No, lots of people want bullshit and nude scenes. It's always been thus. The arthouse and high cinema crowd is but one potential audience. For every Citizen Kane there have been 50 Shirley Temples.
So it was, so it shall be.
Sometimes I dont want to follow a plot, and rather just relax and watch shit blow up.
Last weekend, par example, Godzilla was on one channel, Out of Africa was on another. I watched Godzilla. It was even one of the later really stupid ones, with Godzooky and all the monsters living on monster island together.
The Hollywood remake of Godzilla was crap, know why? They tried to saddle my nuclear dinosaur friend with the energy beam breath with a plot.
Bah. Plot shmot, Godzilla just shows up and smashes Tokyo or battles monsters until he gets bored. There's your friggin plot, Hemingway.

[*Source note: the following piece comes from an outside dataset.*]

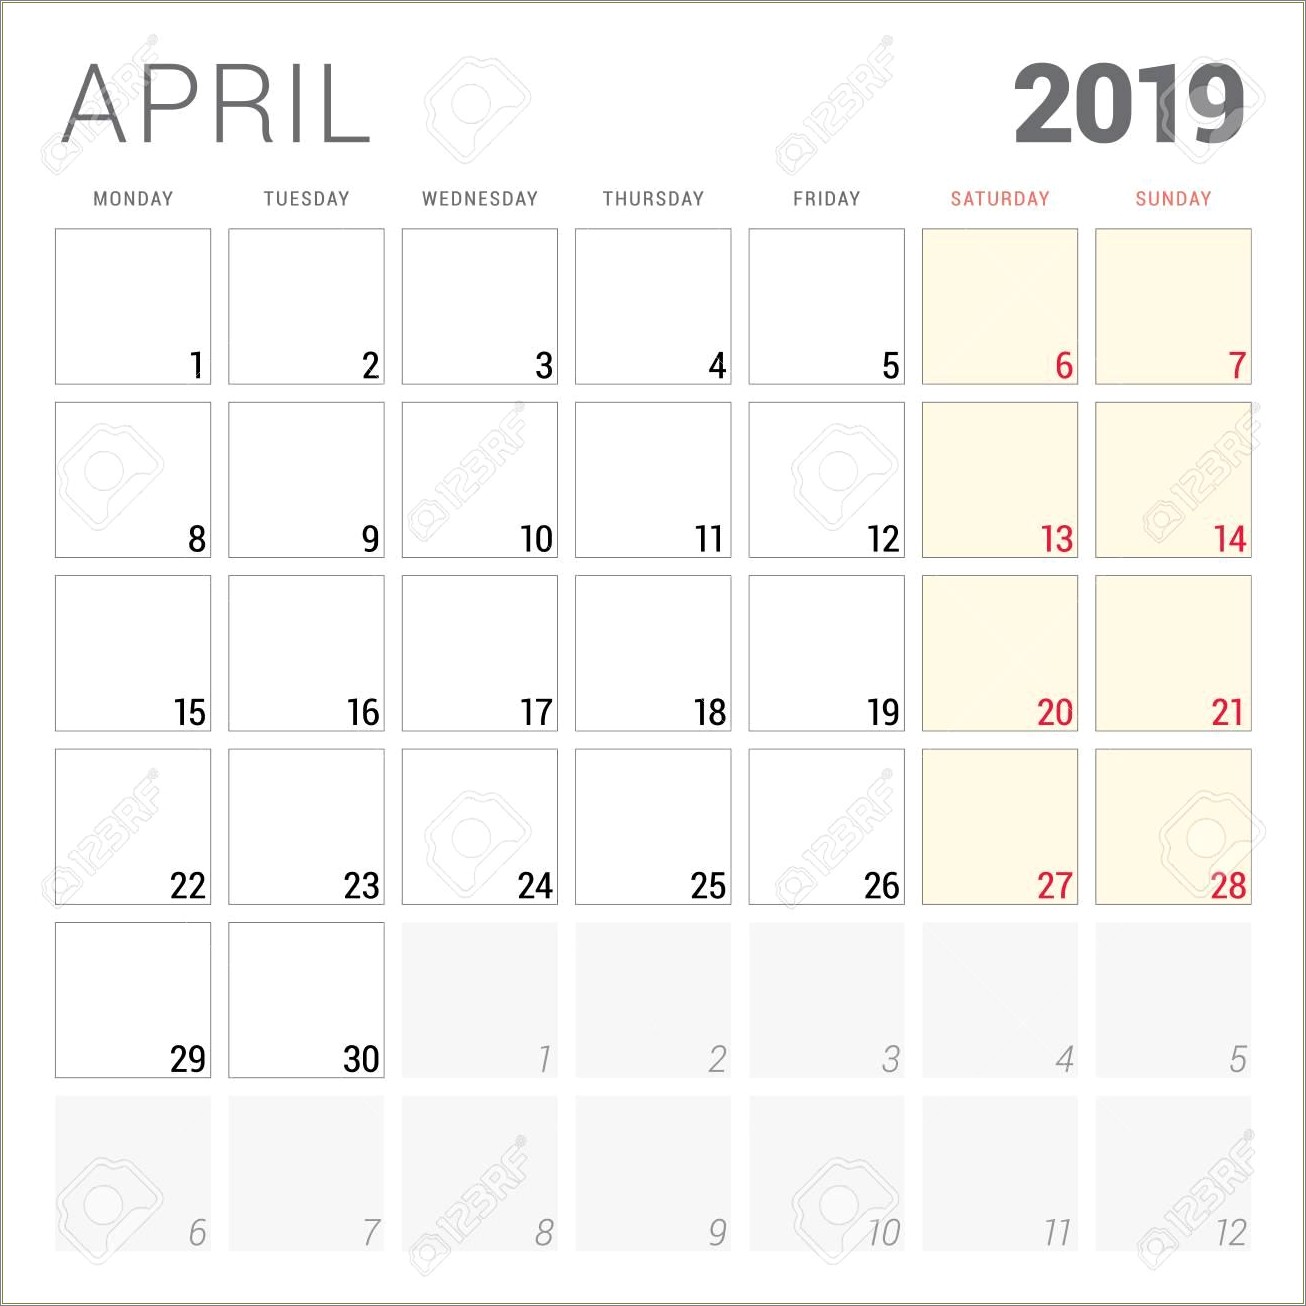 Free Caledar Template April 2019 Weekly

Same with video games. Sometimes I dont want to play a super intricate RPG, sometimes I just want to blow stuff up or beat the crap out of zombies.
So just relax. Some movies go for the arthouse set, some just for pure entertainment.

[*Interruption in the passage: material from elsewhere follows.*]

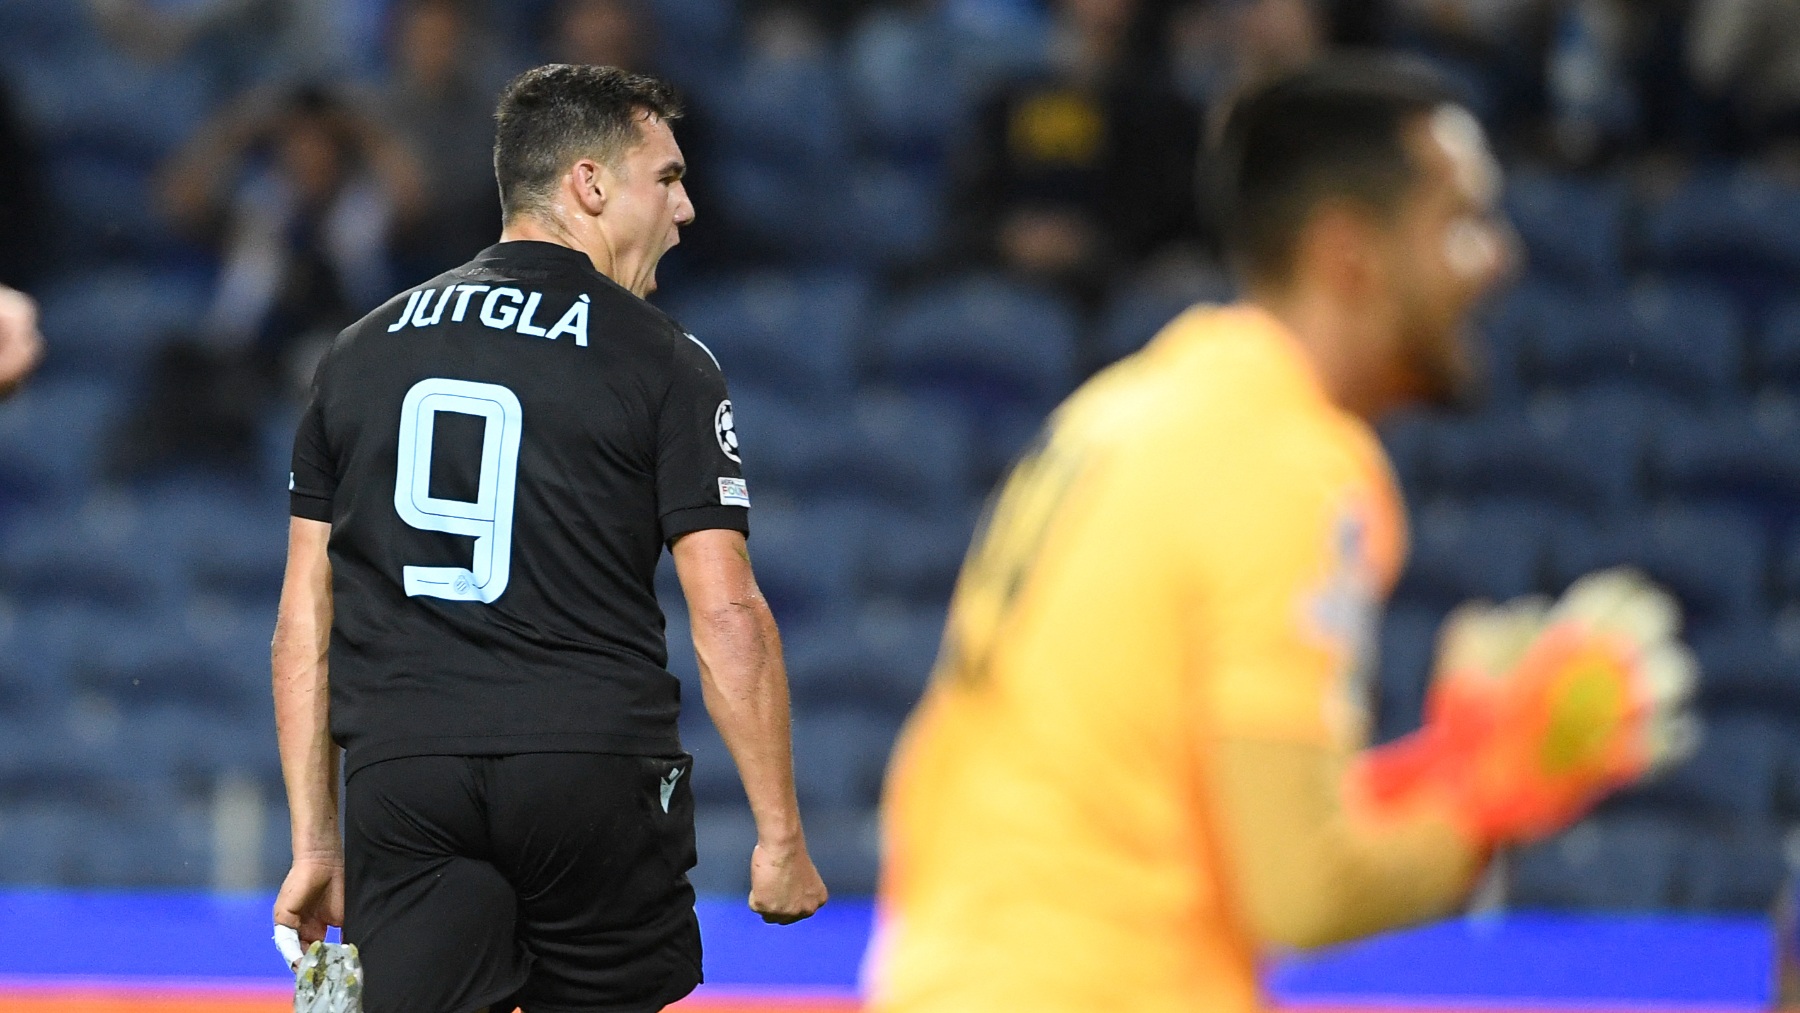 Jutglá celebra su gol en Oporto. (AFP)

I don't need no instructions to know how to rock!!!!
The Godfather and the LOTR series are excluded because they are originally written works
It seems to me that's WHY THEY HAVE GOOD STORIES. Most good movies are adaptations of novels (e.g. "The English Patient"), or of several books on the same subject (e.g. "Lawrence of Arabia"). Instead of either (a) writing half-assed scripts or (b) taking a Philip K. Dick short story and converting it into a vehicle for the future governer of California why don't we go to the motherlode of great SF and Fantasy novels that have never been turned into film:
1) "Forever War", by Joe Haldeman, has been optioned pretty much continuously since it was published, but never gotten a green light.
2) Where's "Neuromancer" -- the book from which everything in the Matrix (including its name) that didn't come from Kung Fu movies was stolen? Again it's been optioned continuously but never green-lighted.

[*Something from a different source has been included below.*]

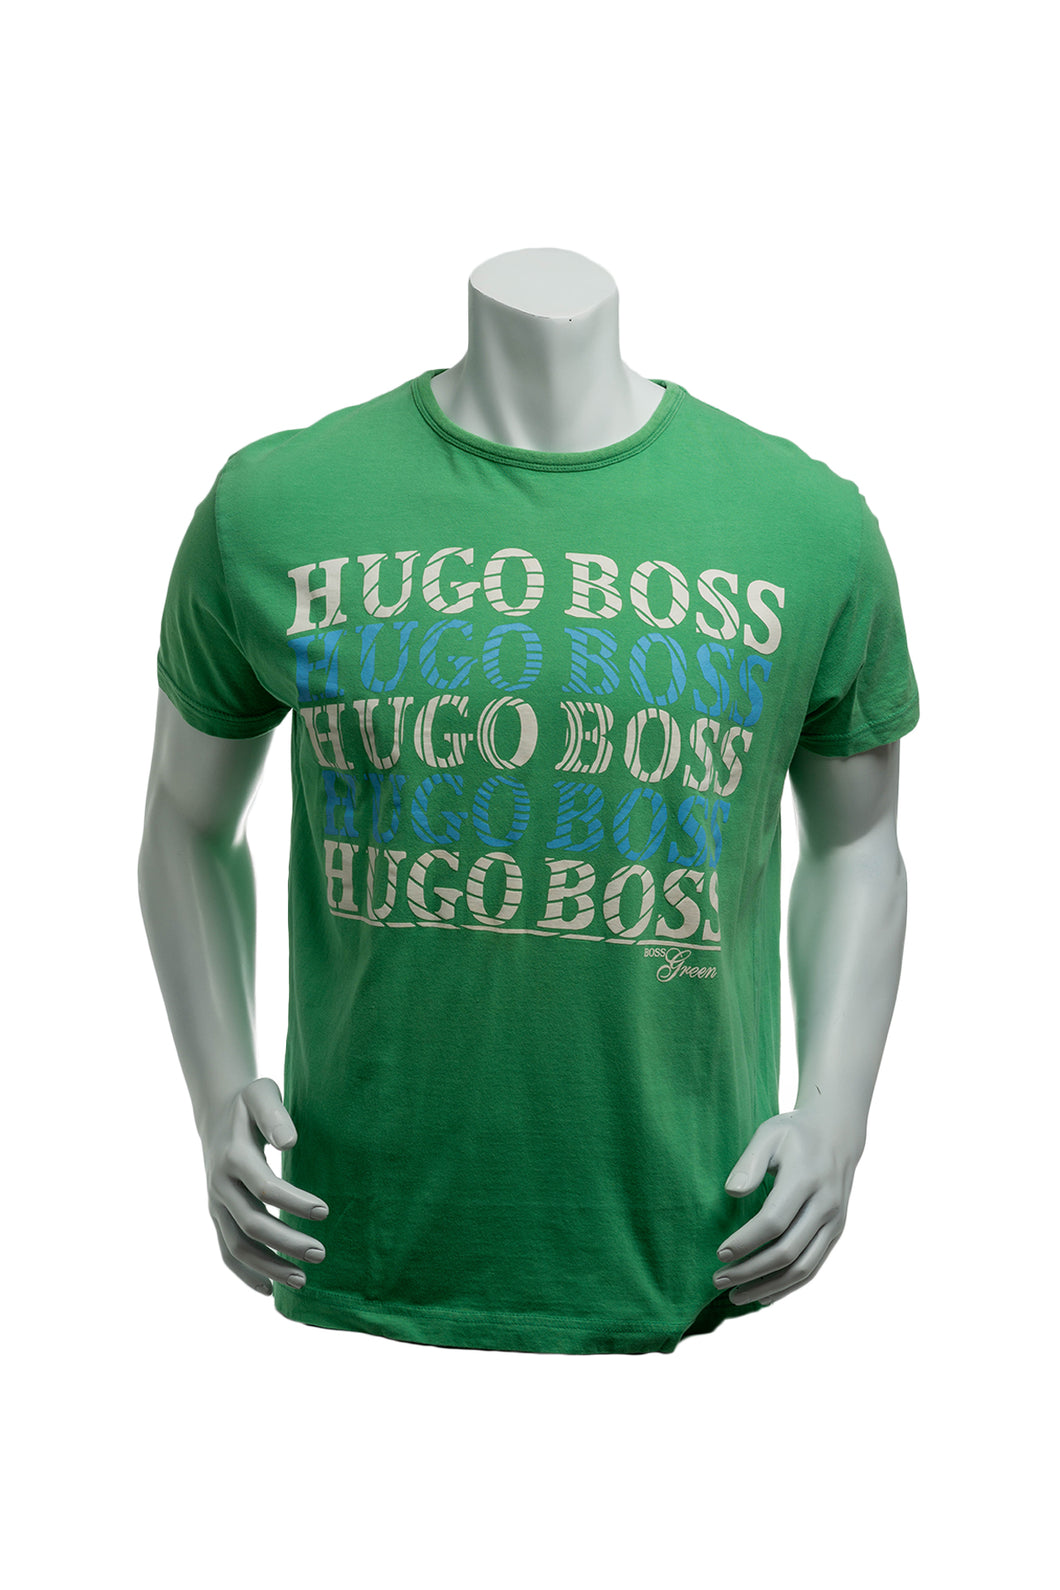 Hugo Boss Green Paper Thin T-Shirt Men's Large

There's a boatload of great novels (and comics -- how about making "Watchmen" instead of "LXO" or "The Dark Knight Returns" instead of "Batman") waiting to be made into films. Why are we making $100,000,000 films of atrocious scripts?
direction, acting or cinematography aren't the key creative process in filmmaking... editing is (and because of the editing techniques he pioneered, D.W. Griffith can be said to be the father of modern cinema). Of course this all depends on if you ascribe to the auteur theory...
An implicit question of the last, oh, 28 years in movies (using Jaws as the start... maybe 2001?) is if big special effects are an editing process (and, thus, creative) or just the next step in set design? Bullet-time and wire-fu may be neat tricks, but do they add anything to what the story is saying (heck, it's quite possible that movie A can use both to say something while movie B can just use them as garnish)? But even The Matrix's big selling point isn't the action (or what differentiates it from say Ballistic: Ecks versus Sever). If it was limited to non-CGI techniques from 30 years ago, would the movie suffered anything more than "realism"?
So this article has this neat cubism thing. Another tool in the workbench. But film isn't painting. Visuals are a means not an end. Maybe someone will come along and blow us away. But Memento and Irreversible work by using a cut and paste method developed a century ago, not an advance in digital postproduction.
What is music when you despise all sound?